• Information provided:
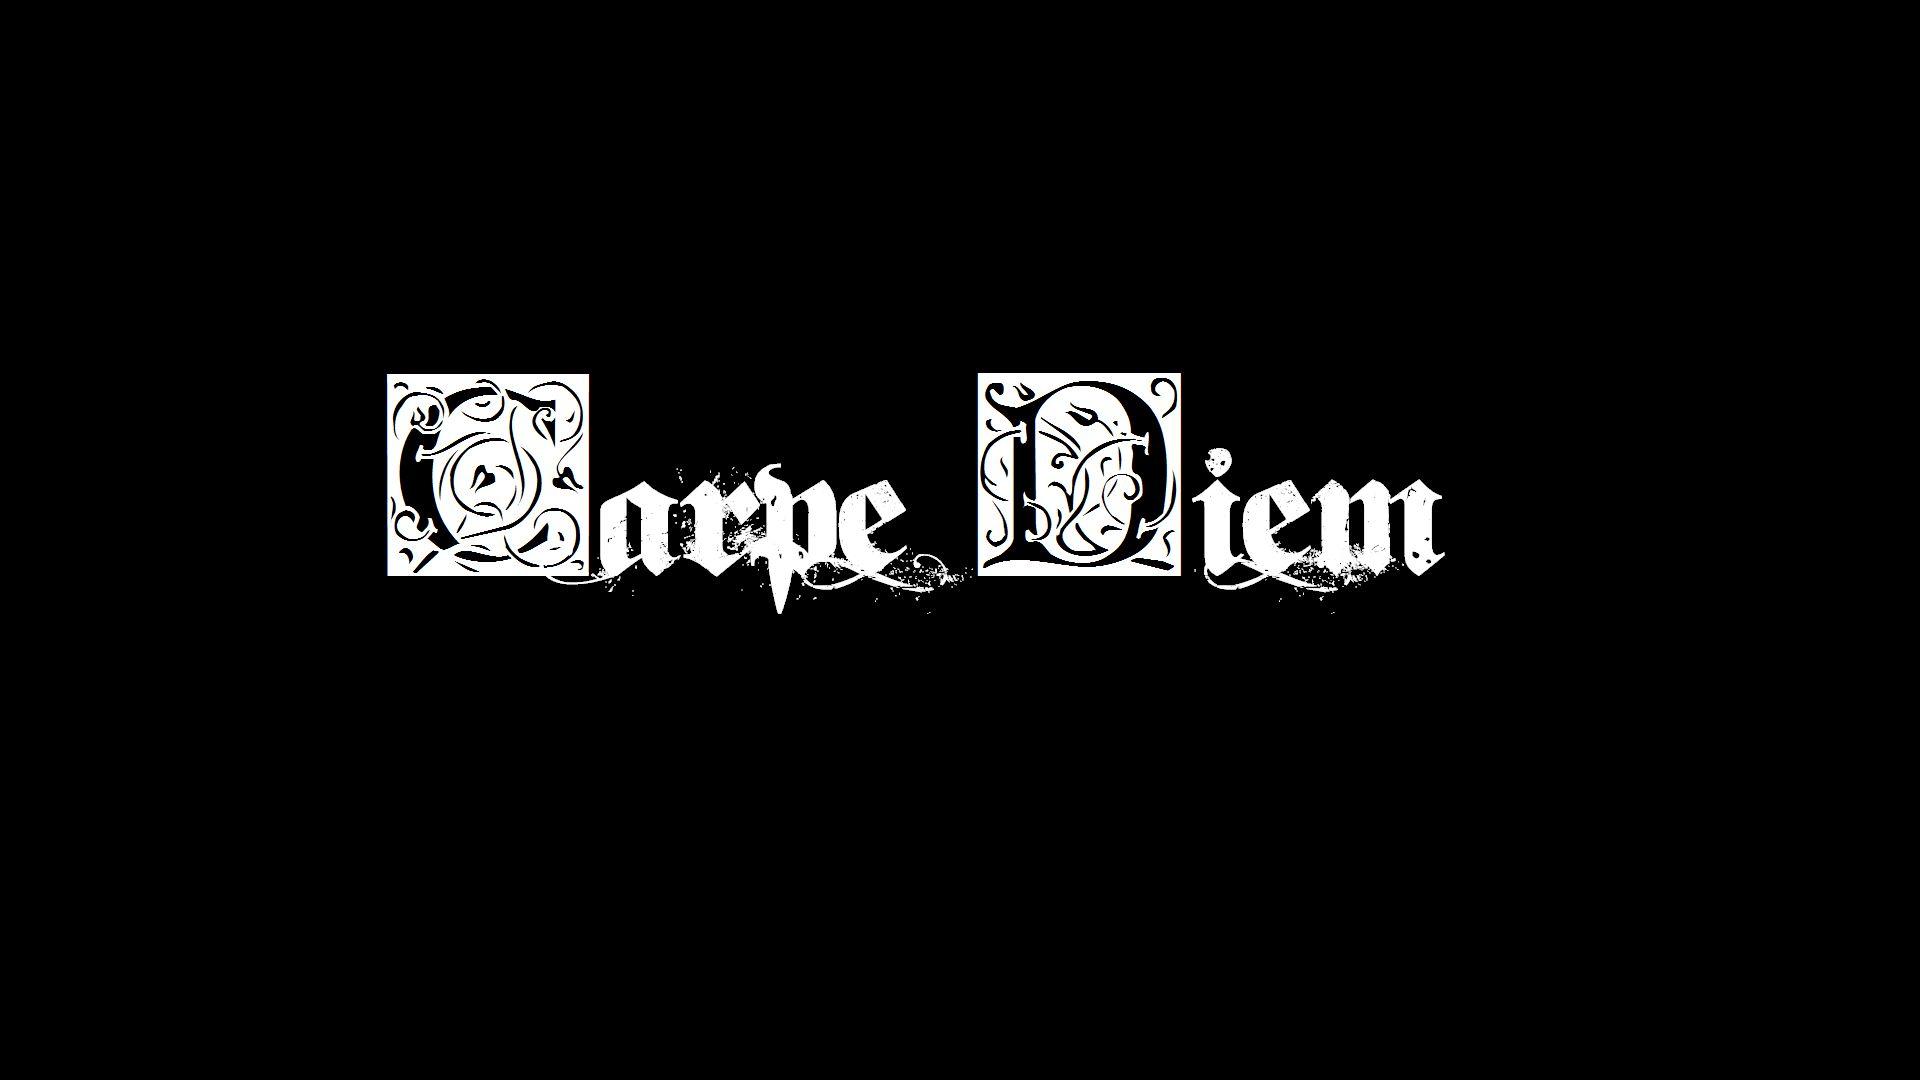 Carpe Diem wallpaper for computer
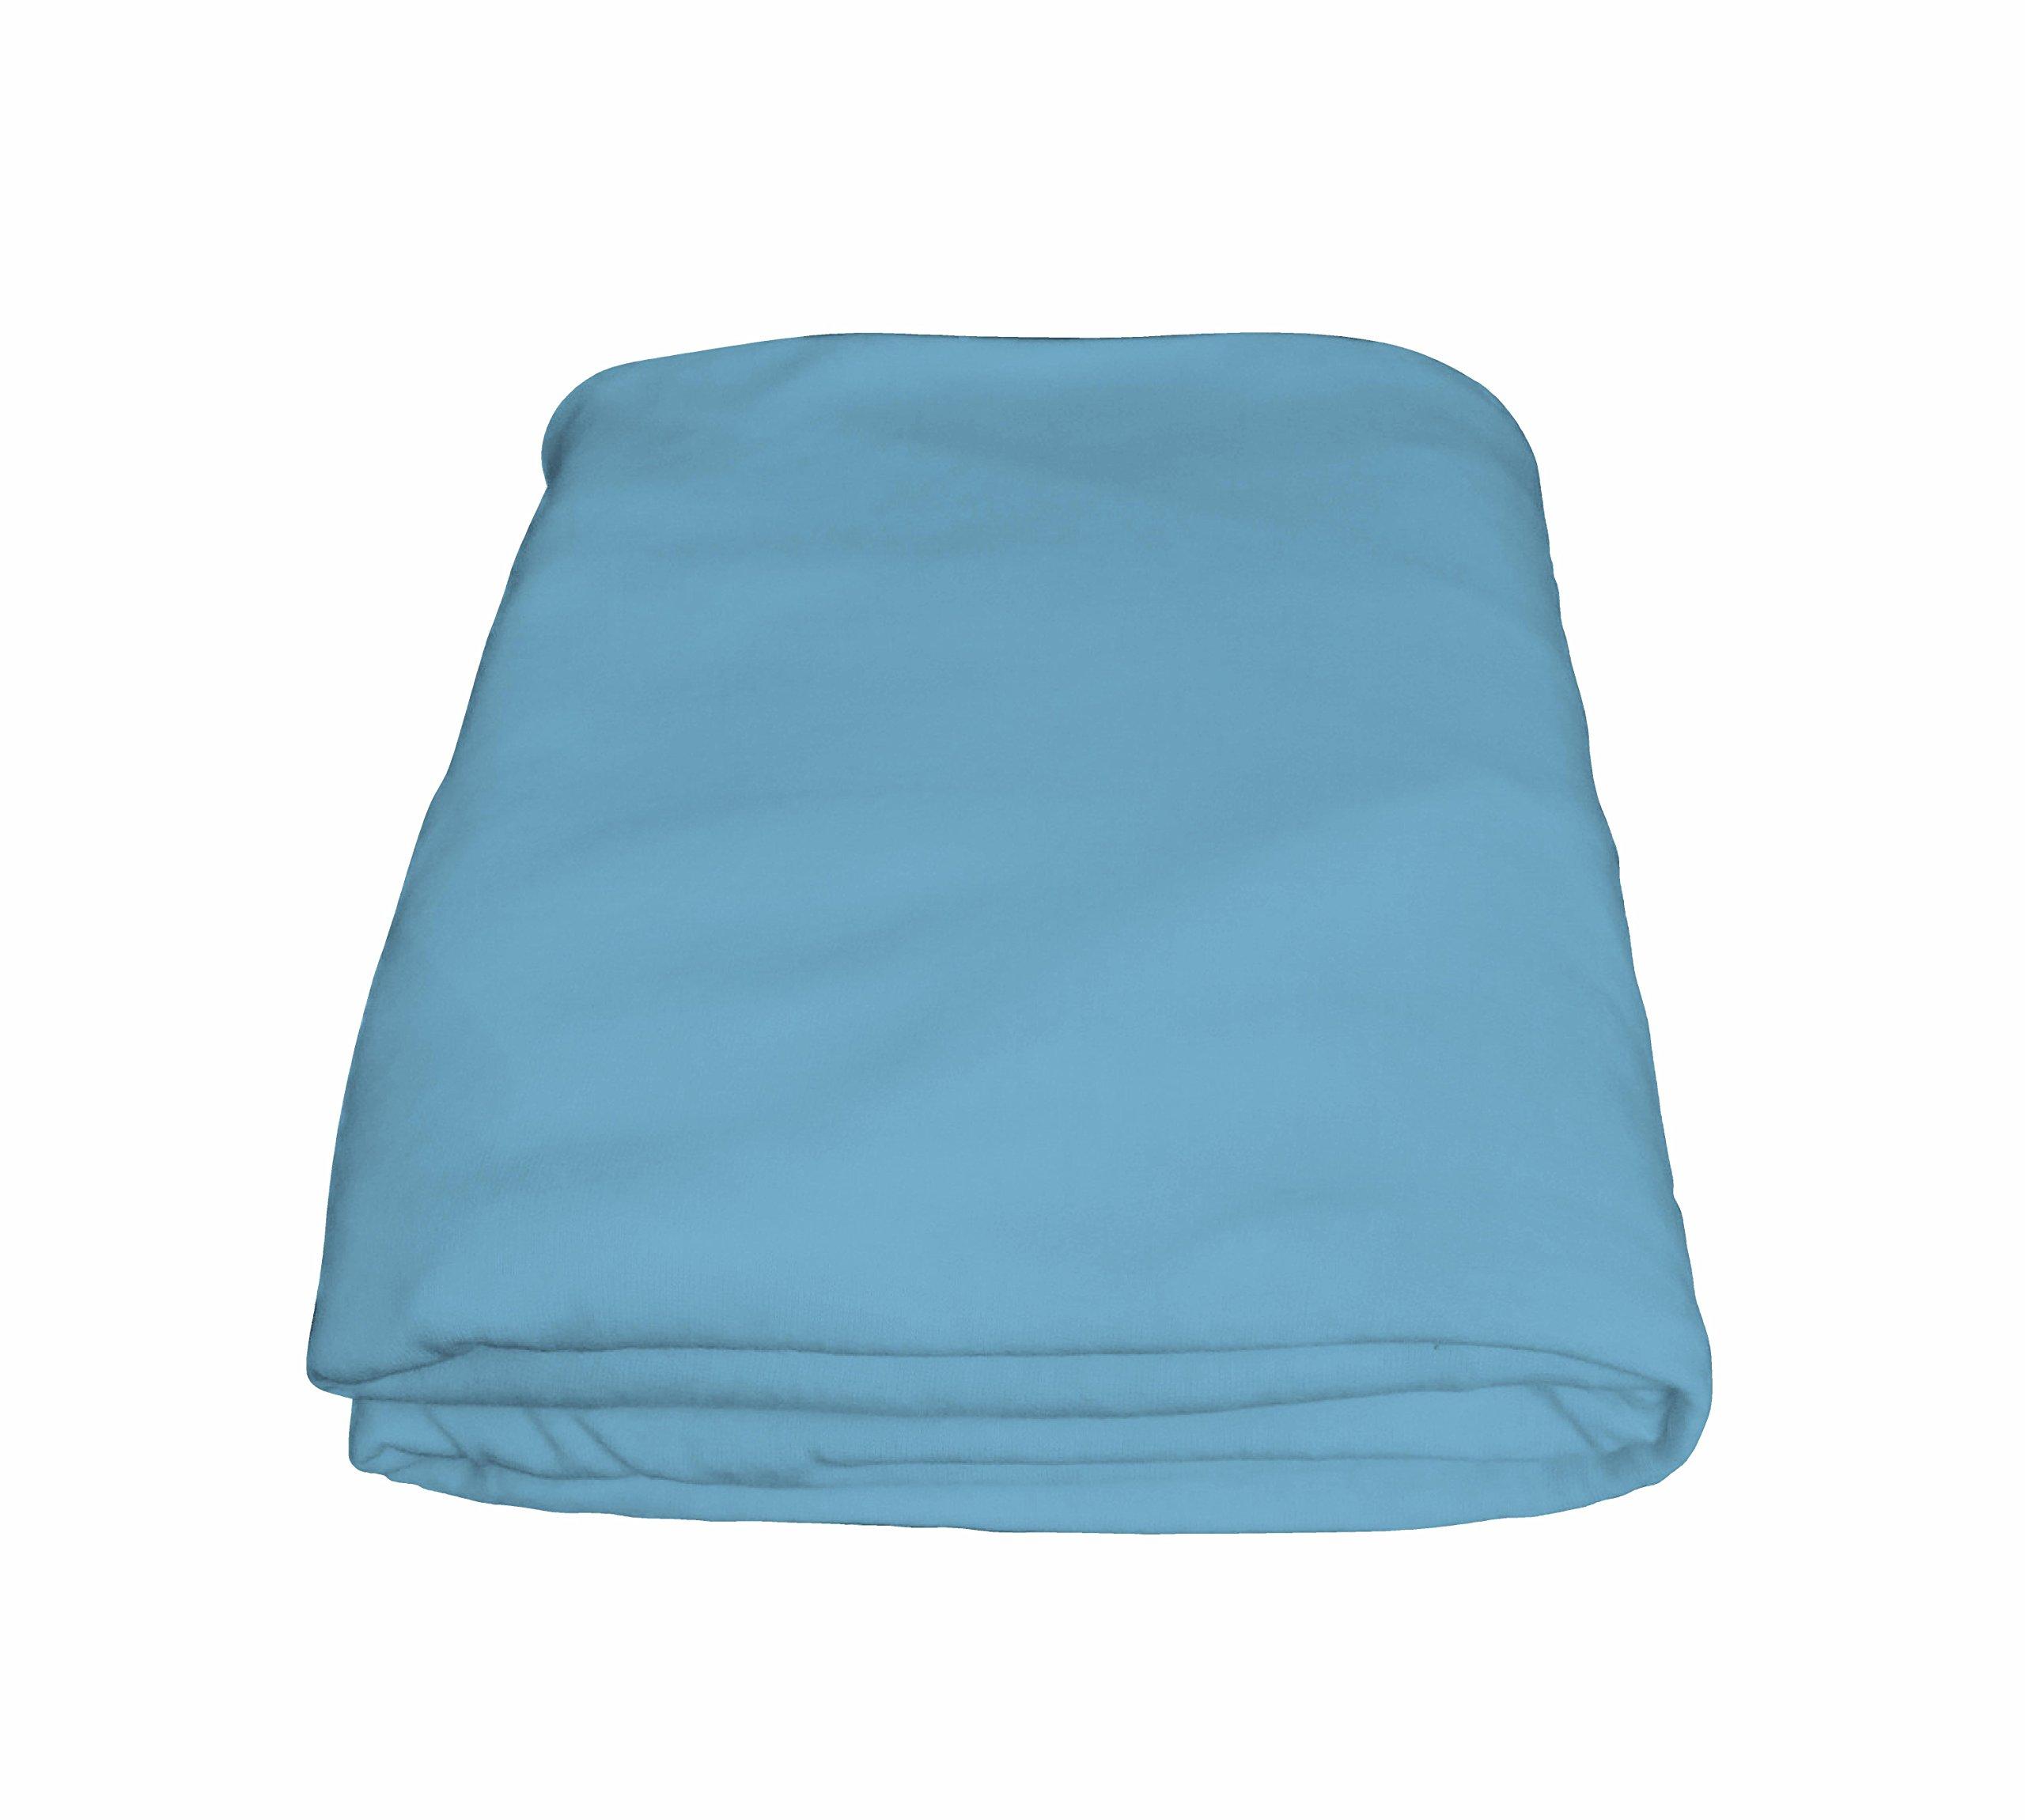 Crescent Comfy 100% Cotton Flat Hospital light blue Bed Sheets
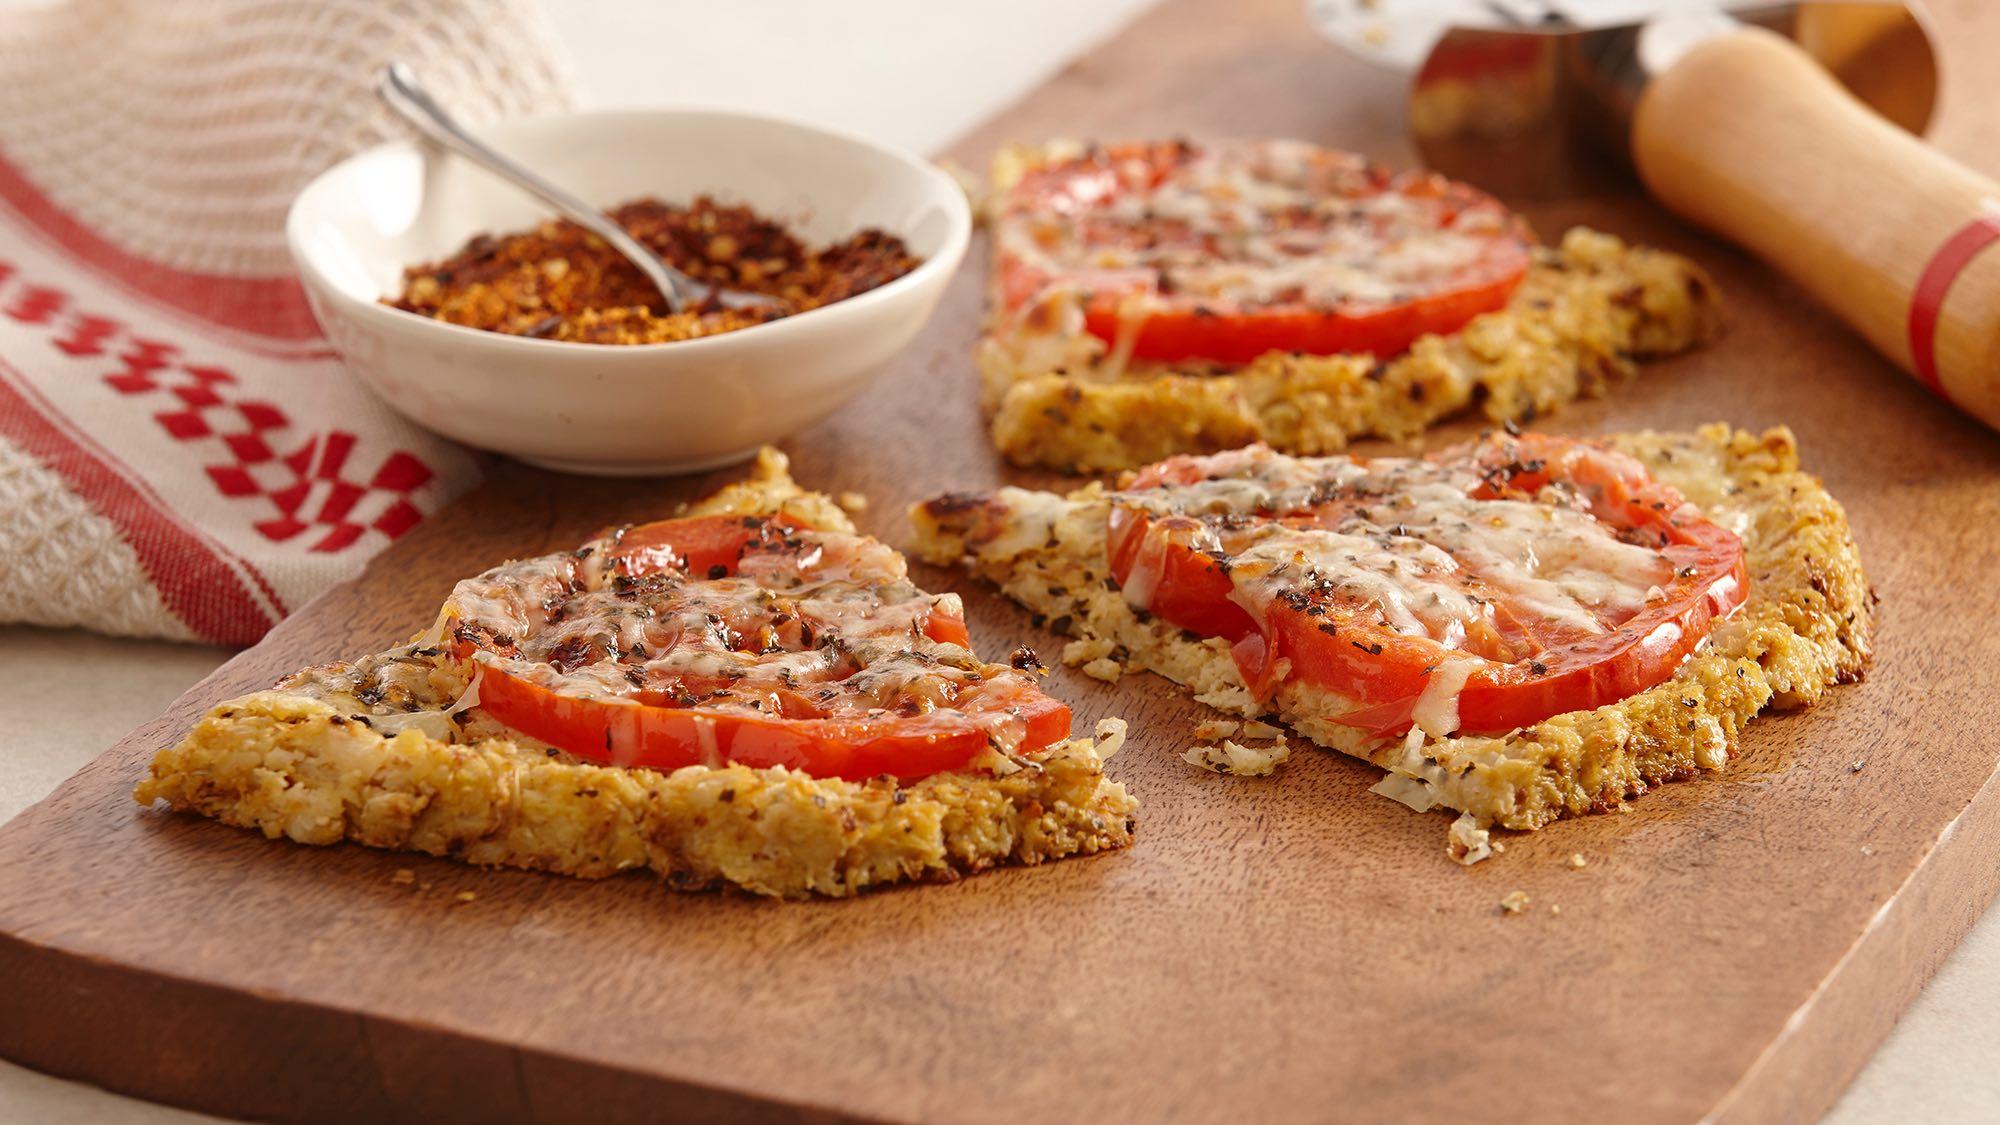 McCormick Gluten-free Fresh Tomato Pizza With Cauliflower Crust

• What is needed: Each line from the one that holds "Crescent Comfy 100%" through the end of the material should be repeated exactly, and nothing more. Leave out any picture.

• Exercise response:
 Crescent Comfy 100% Cotton Flat Hospital light blue Bed Sheets
 McCormick Gluten-free Fresh Tomato Pizza With Cauliflower Crust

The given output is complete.